Error: `v` must be a single integer.

1

1 Answers

1
votes

It's vfold_cv function inside nested_cv, you can try it:

createNested = function(x,y){
    nested_cv(x,inside = vfold_cv(v = 10, repeats = 3),outside = vfold_cv(v = y))
}

createNested(nested$data[[1]],3)
Error in vfold_splits(data = data, v = v, strata = strata, breaks = breaks) : 
  object 'y' not found

So it cannot see the y variable (like your .y) inside the function.

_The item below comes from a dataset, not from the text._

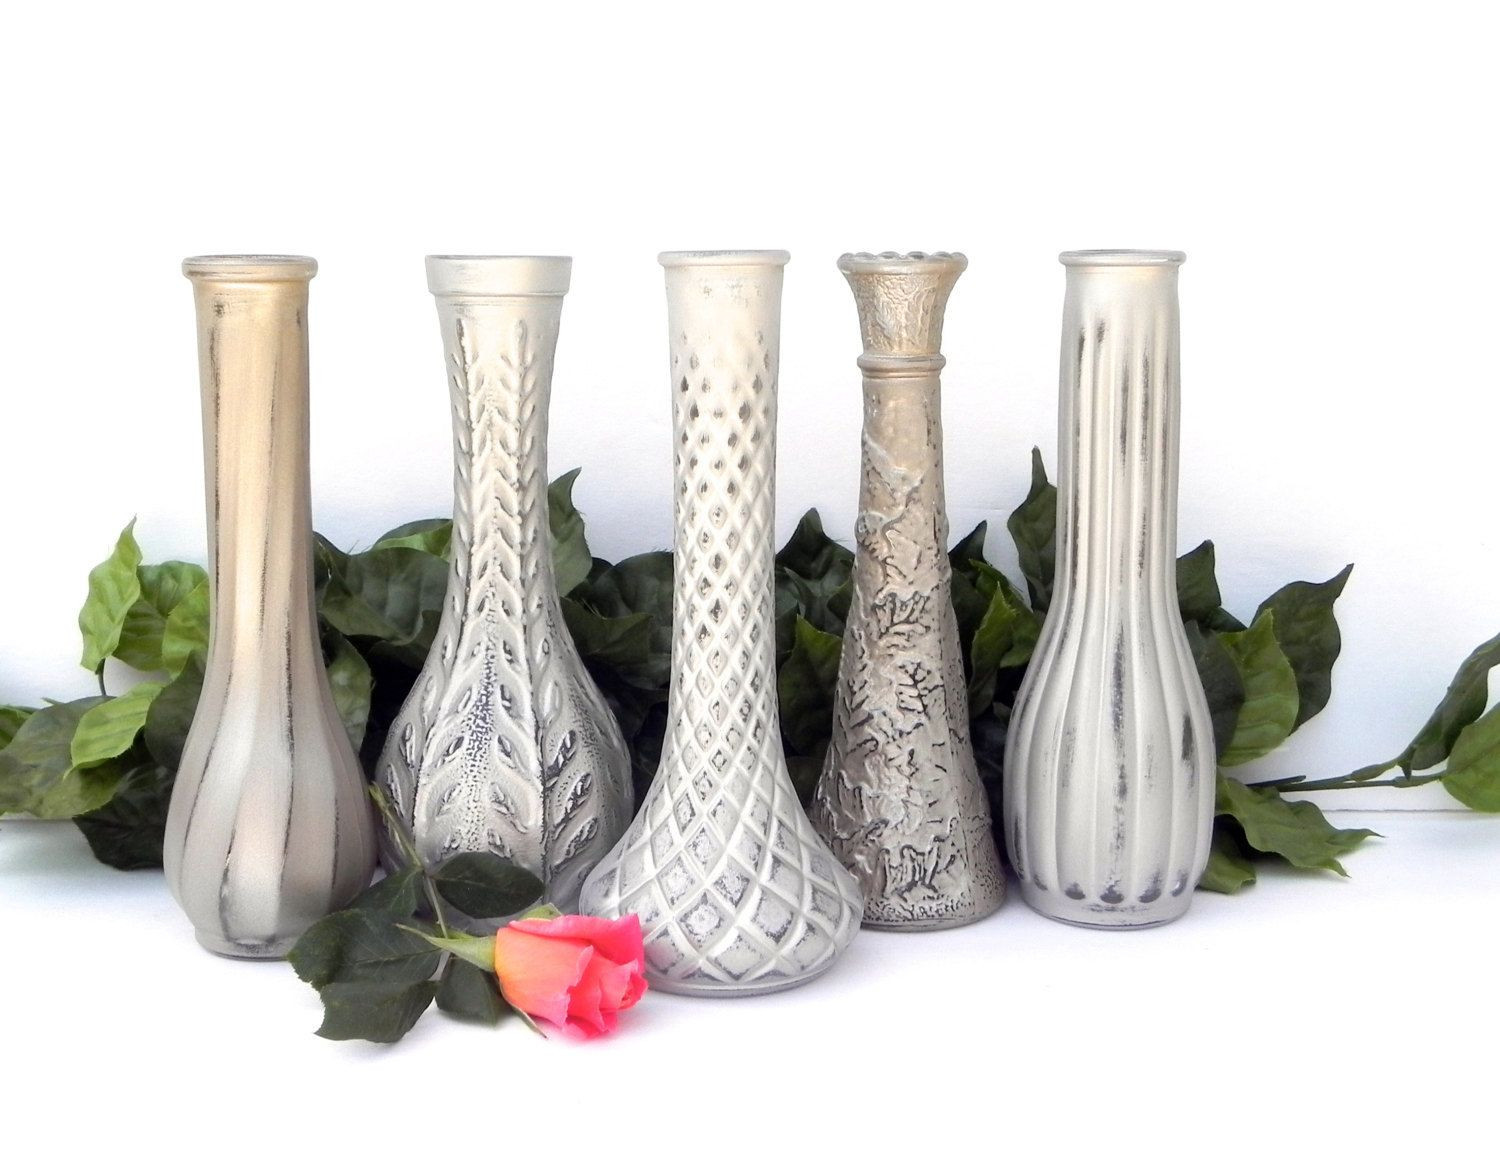 24 Popular Silver Vases Bulk 2024 free download silver vases bulk of silver bud vases gallery metallic shabby chic bud vases nickel throughout silver bud vases gallery metallic shabby chic bud vases nickel silver and by glasscastle2 of si

So I wrote a function to explicitly pass the results of vfold_cv() for outside into nested_cv(), a few more lines of code but it's ok:

createNested = function(x,y){
    outside_cv = vfold_cv(x,v = y)
    nested_cv(x,inside = vfold_cv(v = 10, repeats = 3),outside = outside_cv)
}

nested <- mtcars %>% 
select(cyl, disp:gear) %>% 
nest(data = disp:gear) %>%
mutate(n=2:4)

nested %>%  mutate(cv = map2(data,n,.f=createNested))

# A tibble: 3 x 4
    cyl data                  n cv              
  <dbl> <list>            <int> <list>          
1     6 <tibble [7 × 8]>      2 <tibble [2 × 3]>
2     4 <tibble [11 × 8]>     3 <tibble [3 × 3]>
3     8 <tibble [14 × 8]>     4 <tibble [4 × 3]>

Note, once you have nested the data, you don't need group_by()